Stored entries
━━━━━━

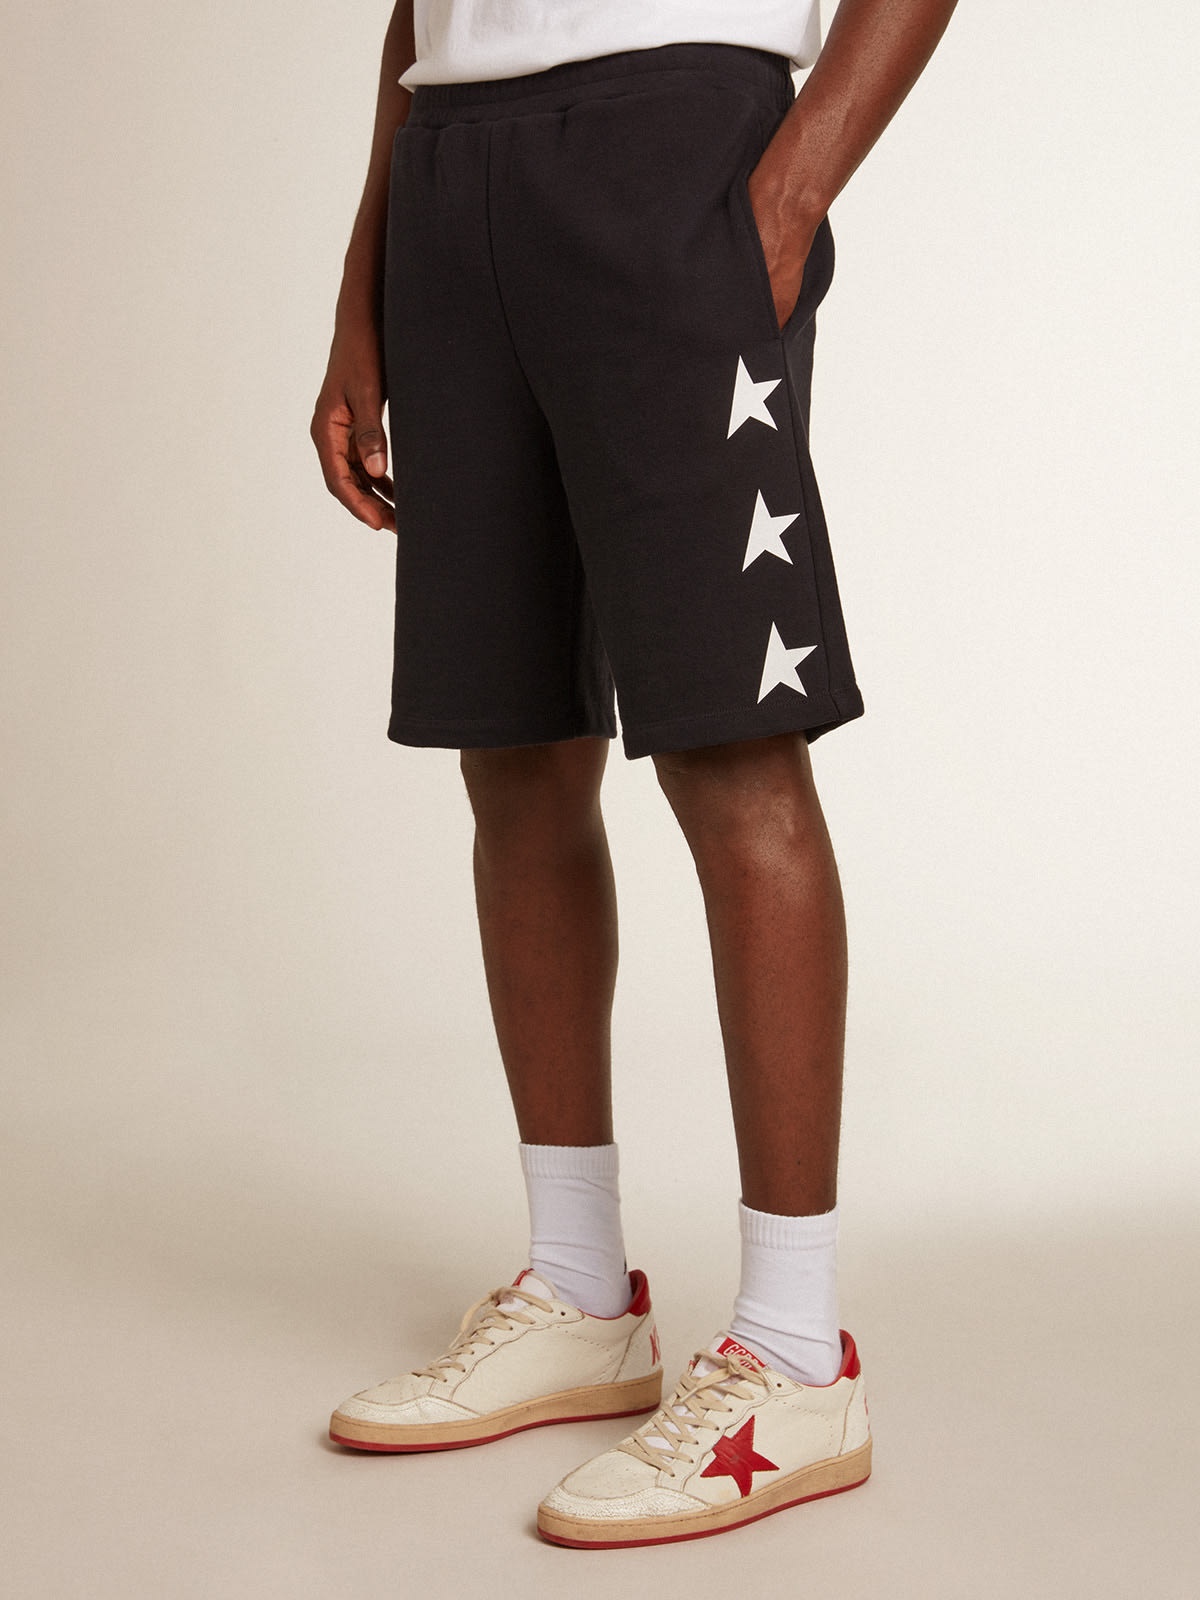 Men's black bermuda shorts with white stars - 2
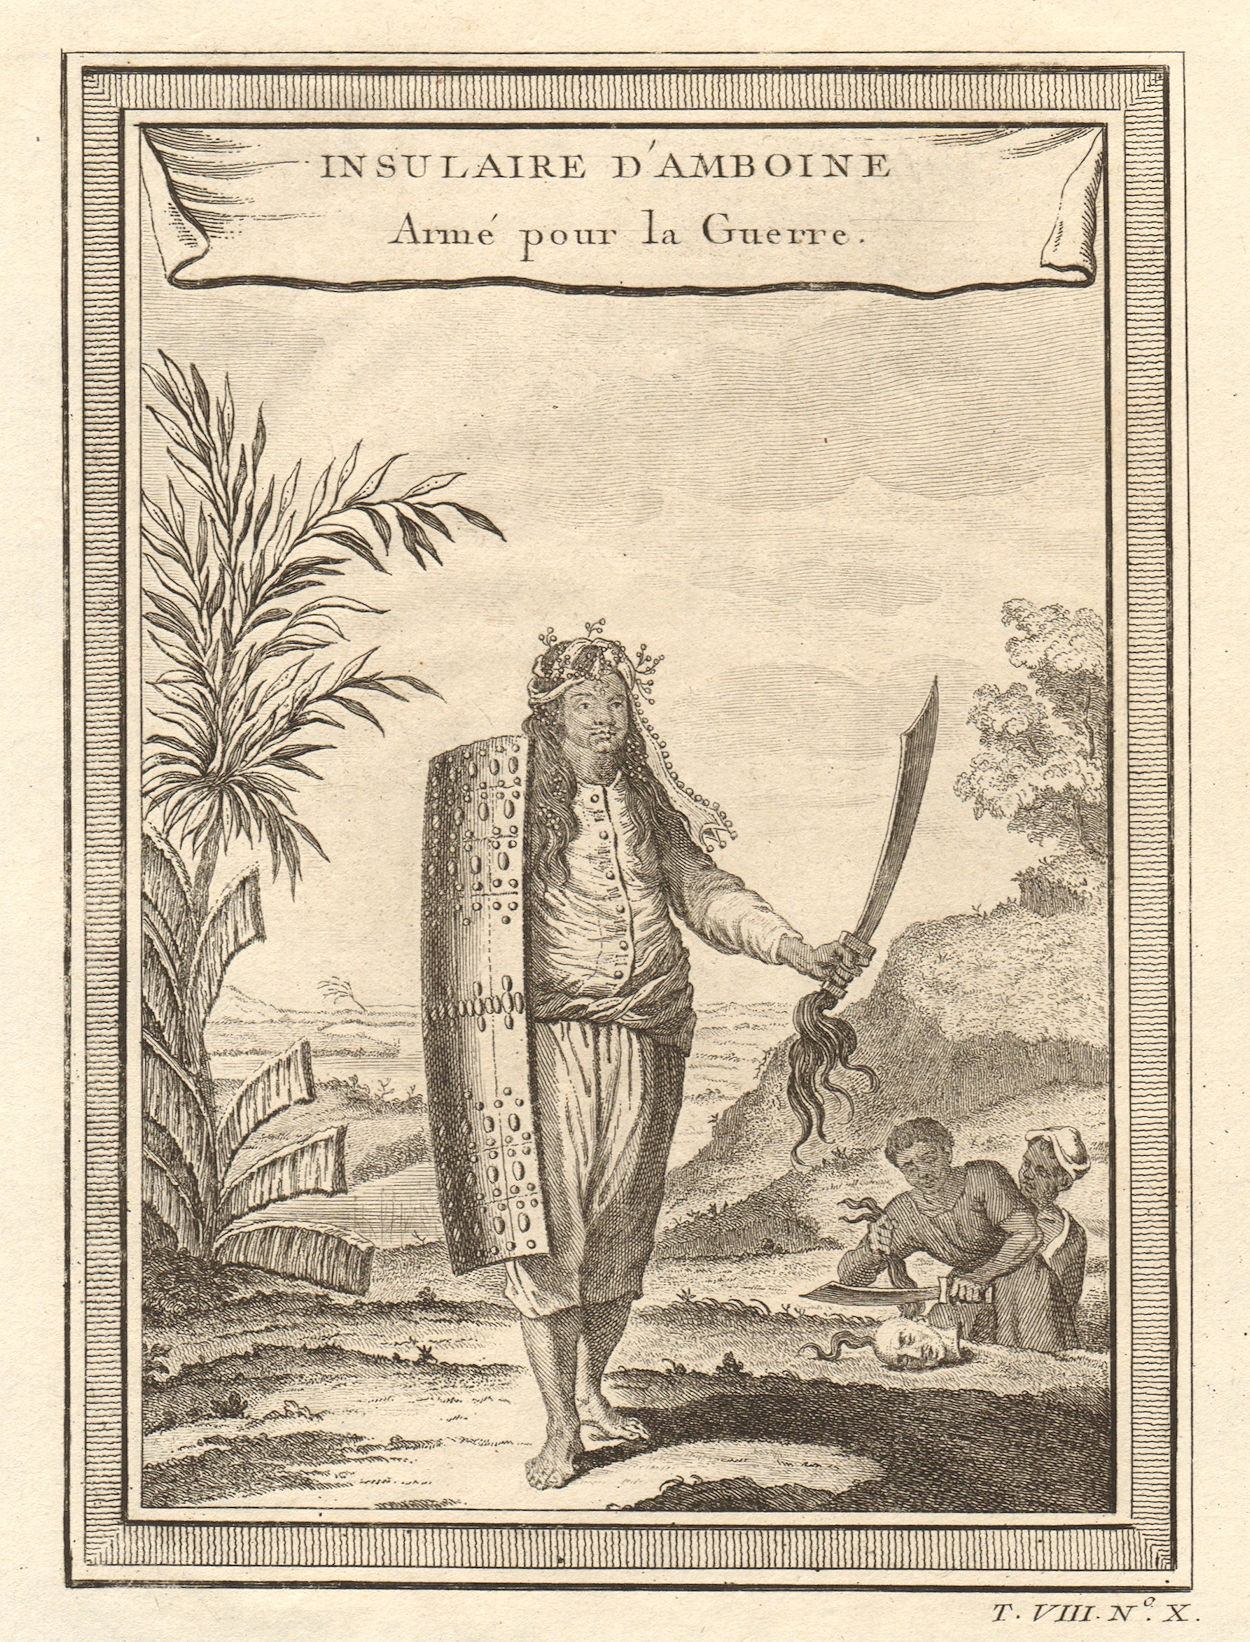 Associate Product Armed Ambon islander. Moluccas / Maluku, Indonesia. Dismembered head. Sword 1750
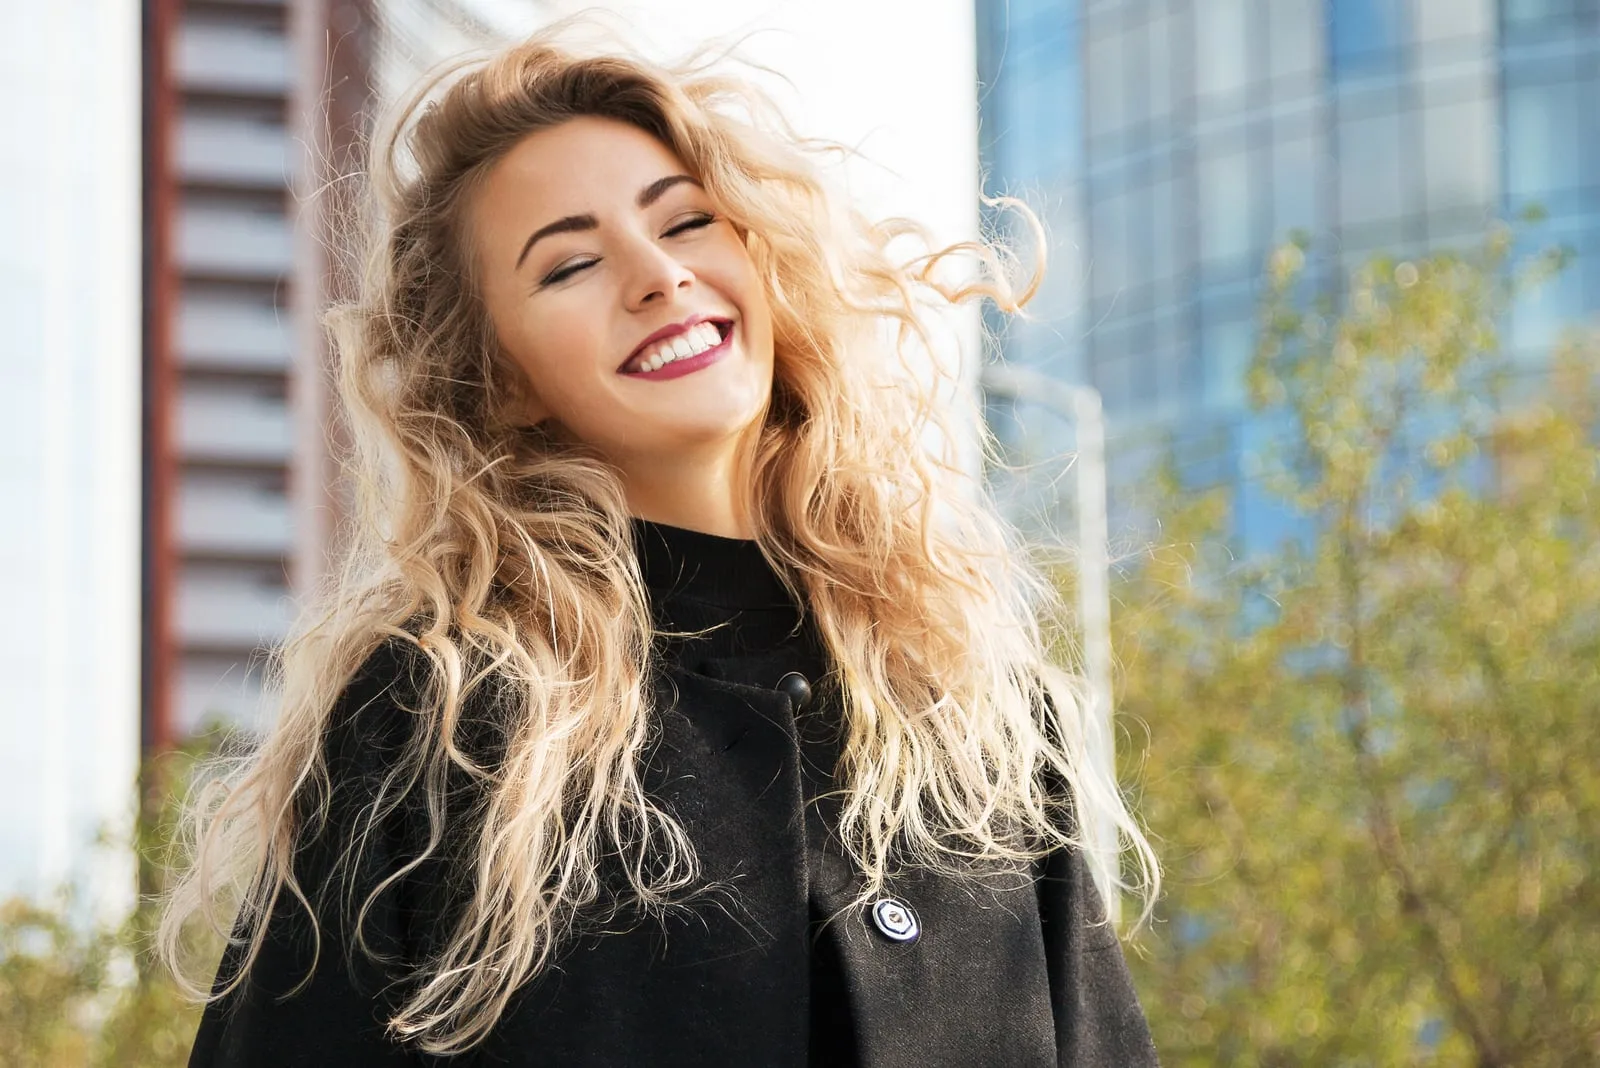 a portrait of a smiling blonde in a black coat
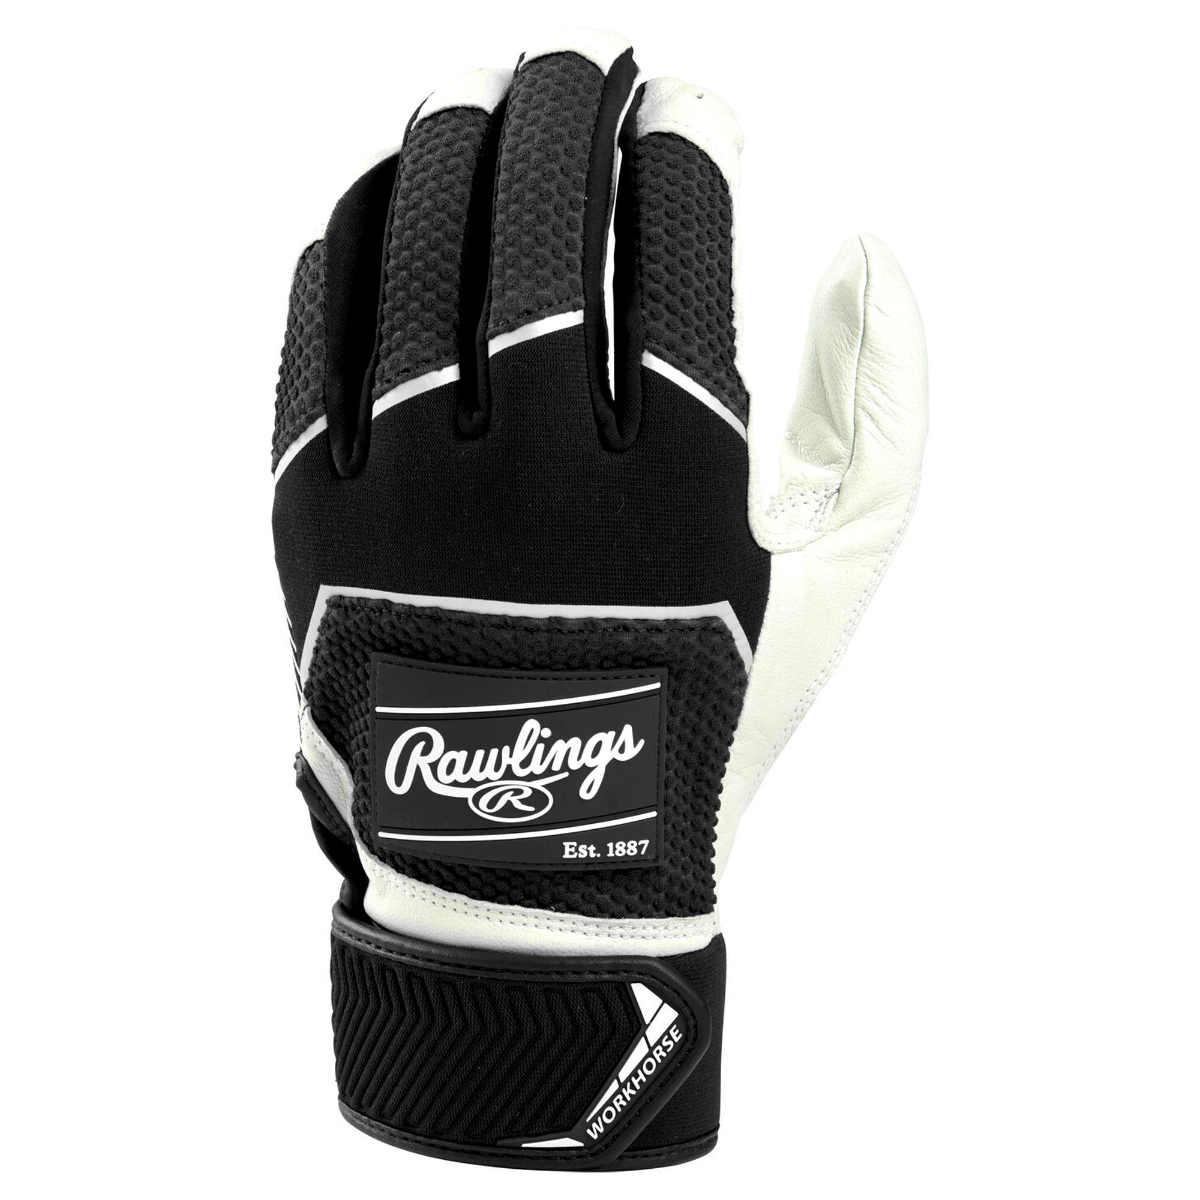 Rawlings Workhorse Youth Batting Gloves
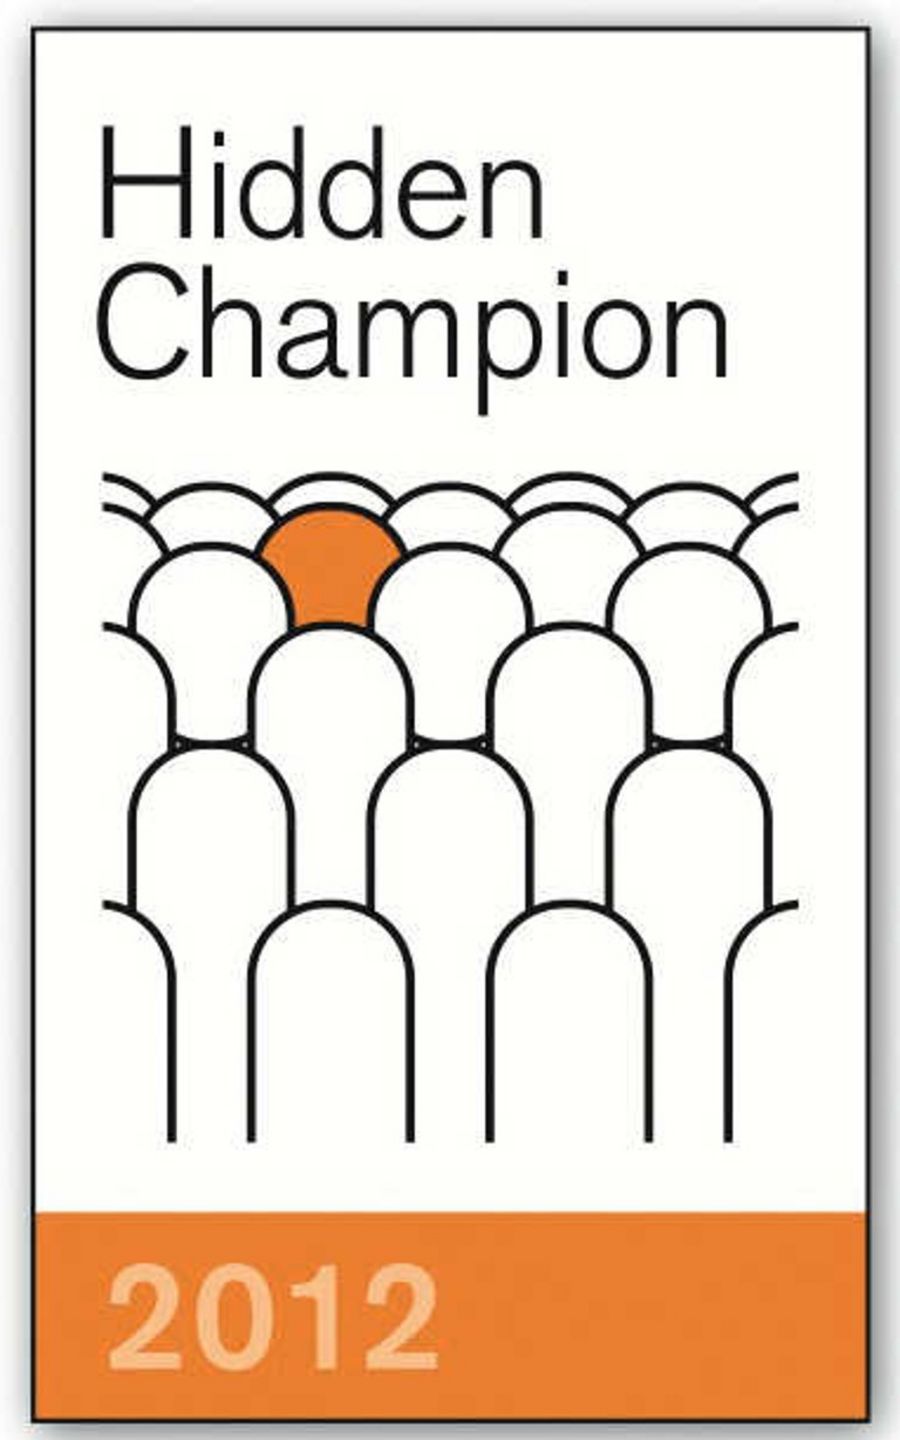 Hidden Champion 2012

━━━━━━

• **ACTIVITY**:
Set down nothing but the lines from the one containing "Associate Product Armed" to the final line above, both included, with every picture left out.

• **RESULT**:
 Associate Product Armed Ambon islander. Moluccas / Maluku, Indonesia. Dismembered head. Sword 1750
 a portrait of a smiling blonde in a black coat
 Rawlings Workhorse Youth Batting Gloves
 Hidden Champion 2012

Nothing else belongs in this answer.